En pratique, et au vu de ces différentes études, s’il y a une indication
chirurgicale à l’utilisation de ciment, celui-ci devrait contenir un antibiotique de
type aminoside. Il ne faut pas y recourir sans antibioprophylaxie systémique par
voie intraveineuse associée.
3. POINTS SPÉCIFIQUES CONCERNANT LES INFECTIONS PROTHÉTIQUES EN CHIRURGIE VASCULAIRE
L’essentiel des stratégies d’évaluation et de prophylaxie présentées dans les
paragraphes précédents s’appliquent à tout type de chirurgie prothétique. Nous
développerons brièvement dans cette partie les quelques spécificités liées à la
Questions pour un champion en Anesthésie
115
chirurgie vasculaire. Dans cette chirurgie, les interventions avec mise en place
de matériel se compliquent d’infection de prothèse dans 1 à 4 % des cas [32].

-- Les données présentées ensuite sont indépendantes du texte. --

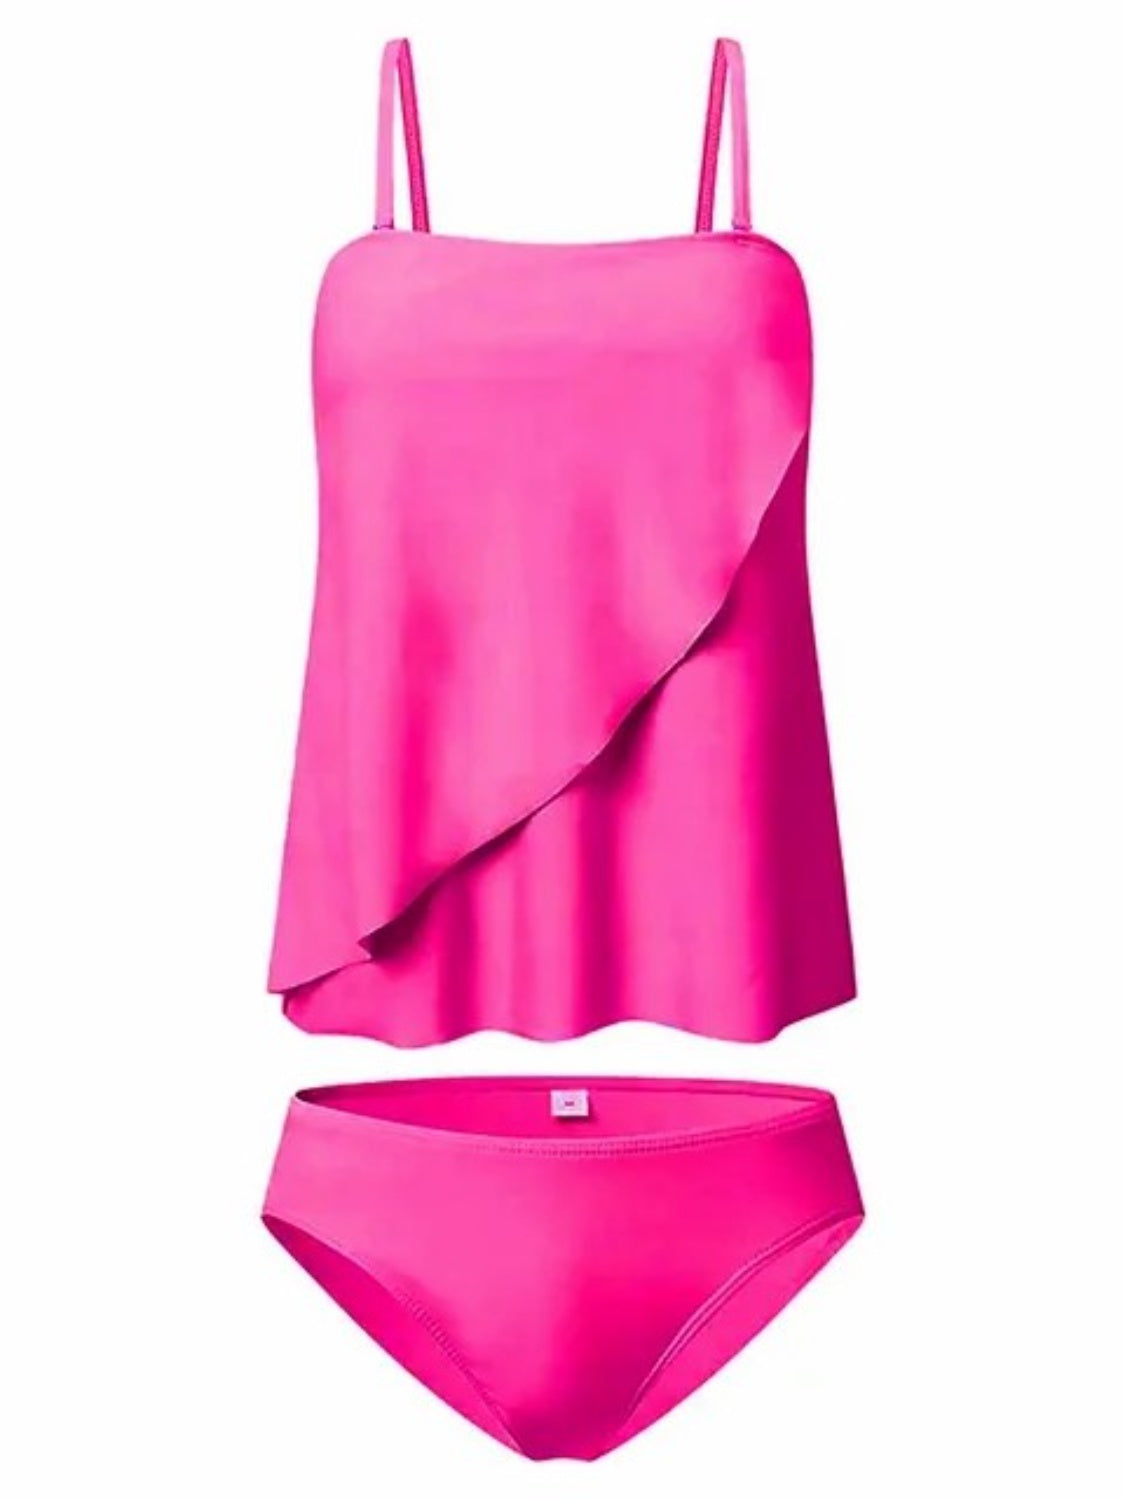 TEEK - Detachable Strap Top and Brief Swim Set SWIMWEAR TEEK Trend Hot Pink S

Au-delà du sepsis, il existe un risque thrombotique élevé pouvant mettre en jeu
le pronostic vital et fonctionnel du patient à court terme. La microbiologie des
infections prothétiques vasculaires est proche de celles des infections orthopédiques avec une prédominance de Staphylococcus [33]. Ainsi, une stratégie
basée sur le dépistage du SARM en chirurgie vasculaire semble pertinente en
termes de réduction de la morbi-mortalité [34]. Cette stratégie pourrait être
dirigée notamment sur les sites concernés par la chirurgie (dépistage du SARM
au niveau du nez, aisselles et périnée dans le cas d’un pontage axillo-bifémoral
par exemple). Les molécules recommandées pour l’antibioprophylaxie en
contexte communautaire sont la céfazoline et la céfuroxime [10]. Chez les patients
hospitalisés plus de 48 h, bénéficiant d’une ré intervention précoce ou porteurs
de SARM, une antibioprophylaxie par vancomycine sera instaurée selon les
modalités exposées précédemment. Il convient de noter qu’il n’est pas recommandé d’ajouter une molécule anti-BGN en cas d’utilisation de vancomycine. De
même, contrairement à la chirurgie orthopédique prothétique, en cas d’allergie à
la pénicilline, la vancomycine utilisée seule est l’alternative de choix [10]. Enfin,
l’utilisation de prothèses imprégnées d’antibiotiques pourrait présenter un intérêt
anti-infectieux mais il n’existe pas à ce jour de séries concernant l’utilisation
éventuelle de ces matériels chez l’homme [35].
CONCLUSION
L’antibioprophylaxie des chirurgies prothétiques doit répondre à des critères
de qualité bien établis. Le dépistage du portage de SARM chez les sujets à risque
puis la décontamination et l’utilisation de vancomycine chez les patients porteurs
de SARM, est une stratégie logique et étayée par plusieurs études. Son impact
sur l’écosystème doit faire l’objet d’une attention particulière.